(What is needed)
The answer must reproduce the listing exactly, with every picture left out.

(Information shown)
Segment Open
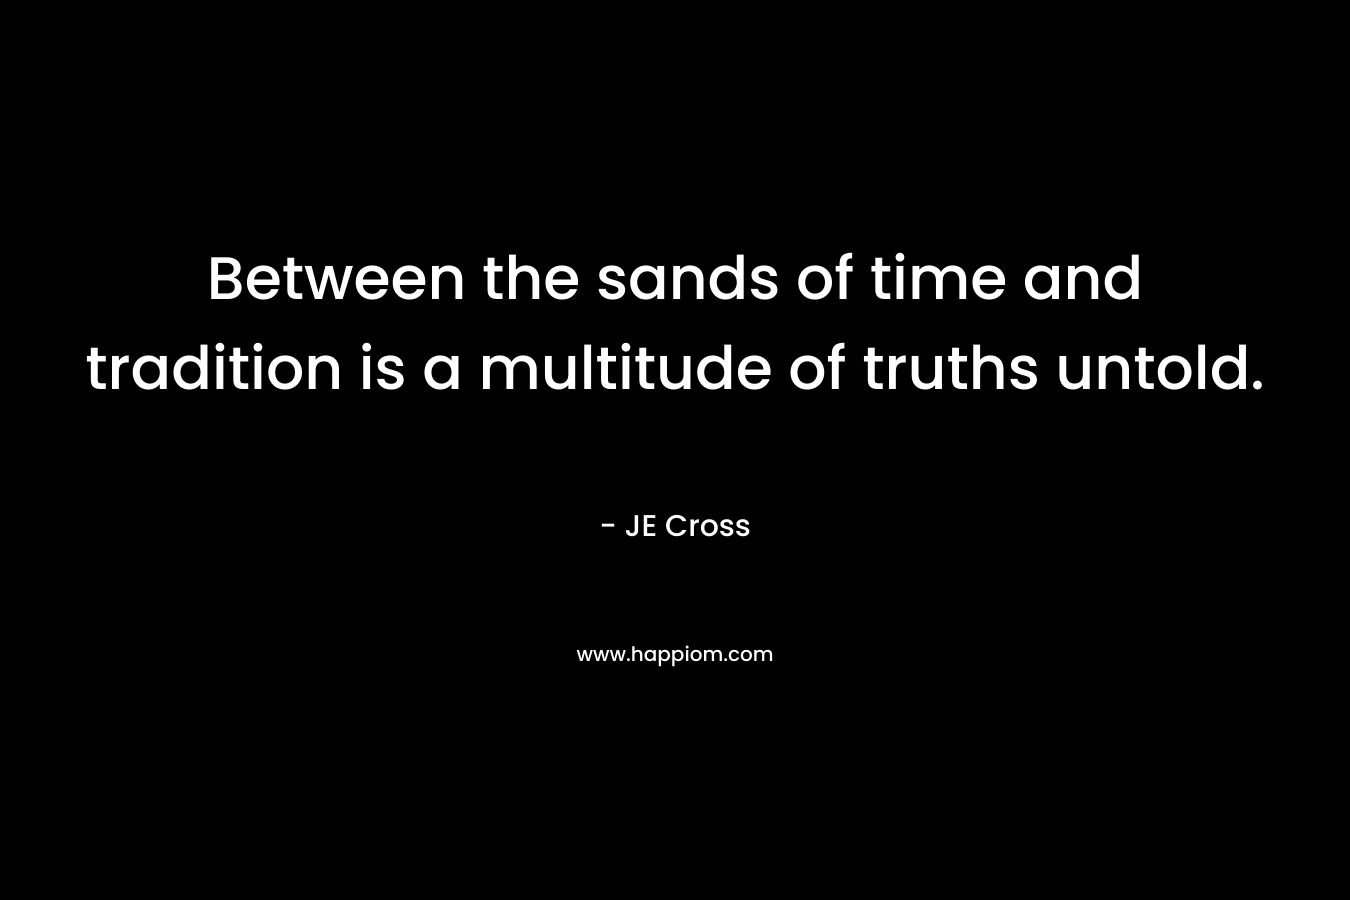 Between the sands of time and tradition is a multitude of truths untold. – JE Cross
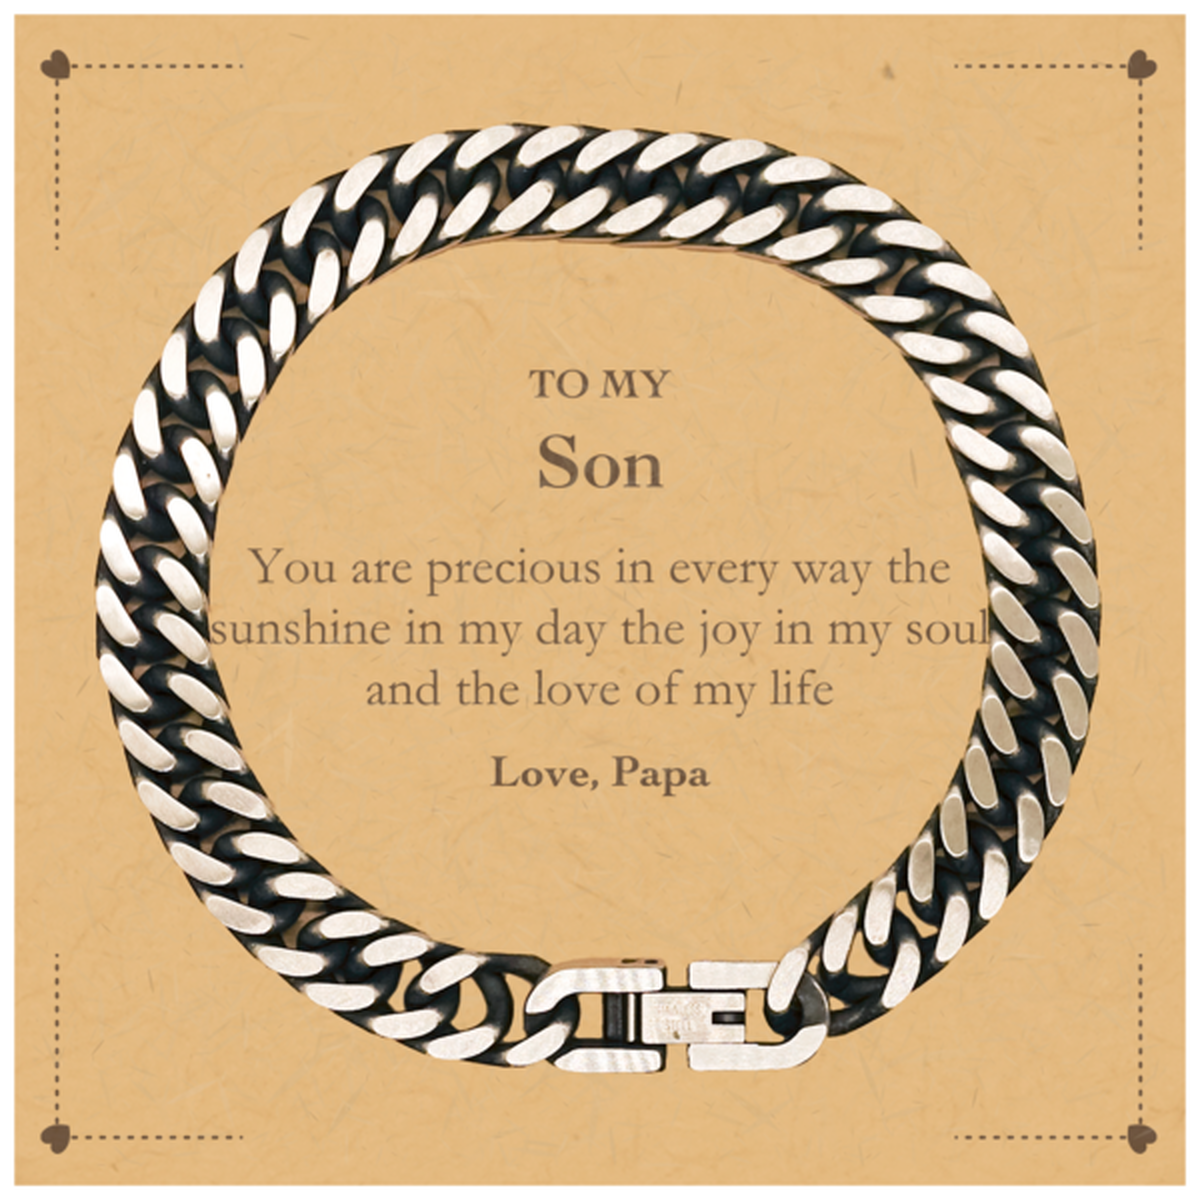 Graduation Gifts for Son Cuban Link Chain Bracelet Present from Papa, Christmas Son Birthday Gifts Son You are precious in every way the sunshine in my day. Love, Papa
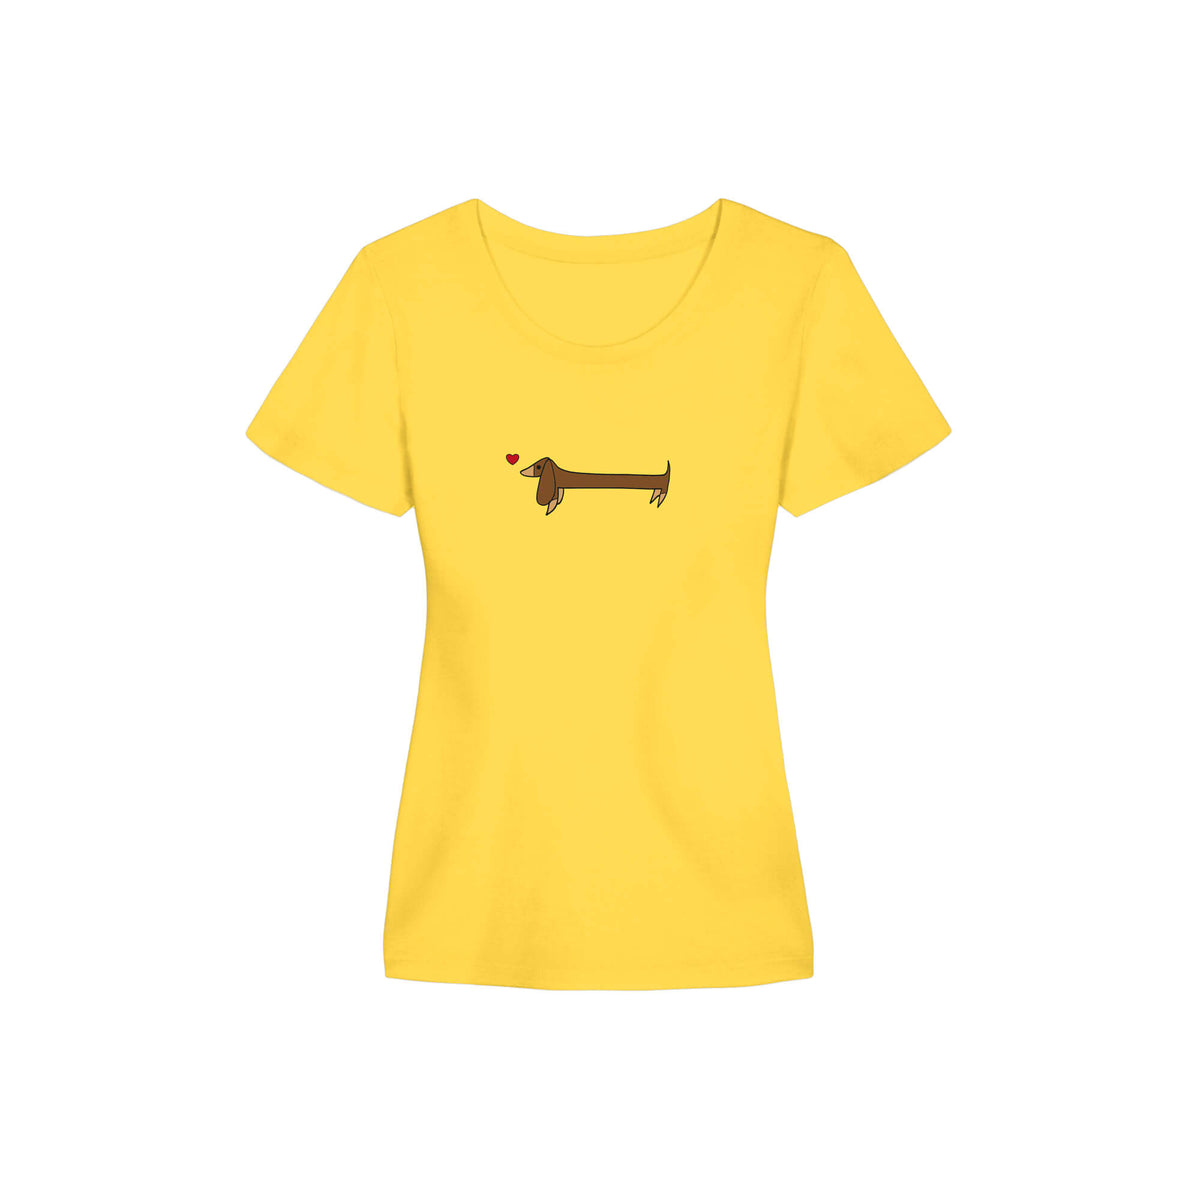 Honey illustrated fitted t-shirt. Janey Godley.Yellow.
Segment Closed
(Output)
 Between the sands of time and tradition is a multitude of truths untold. – JE Cross
 Graduation Gifts for Son Cuban Link Chain Bracelet Present from Papa, Christmas Son Birthday Gifts Son You are precious in every way the sunshine in my day. Love, Papa
 Honey illustrated fitted t-shirt. Janey Godley.Yellow.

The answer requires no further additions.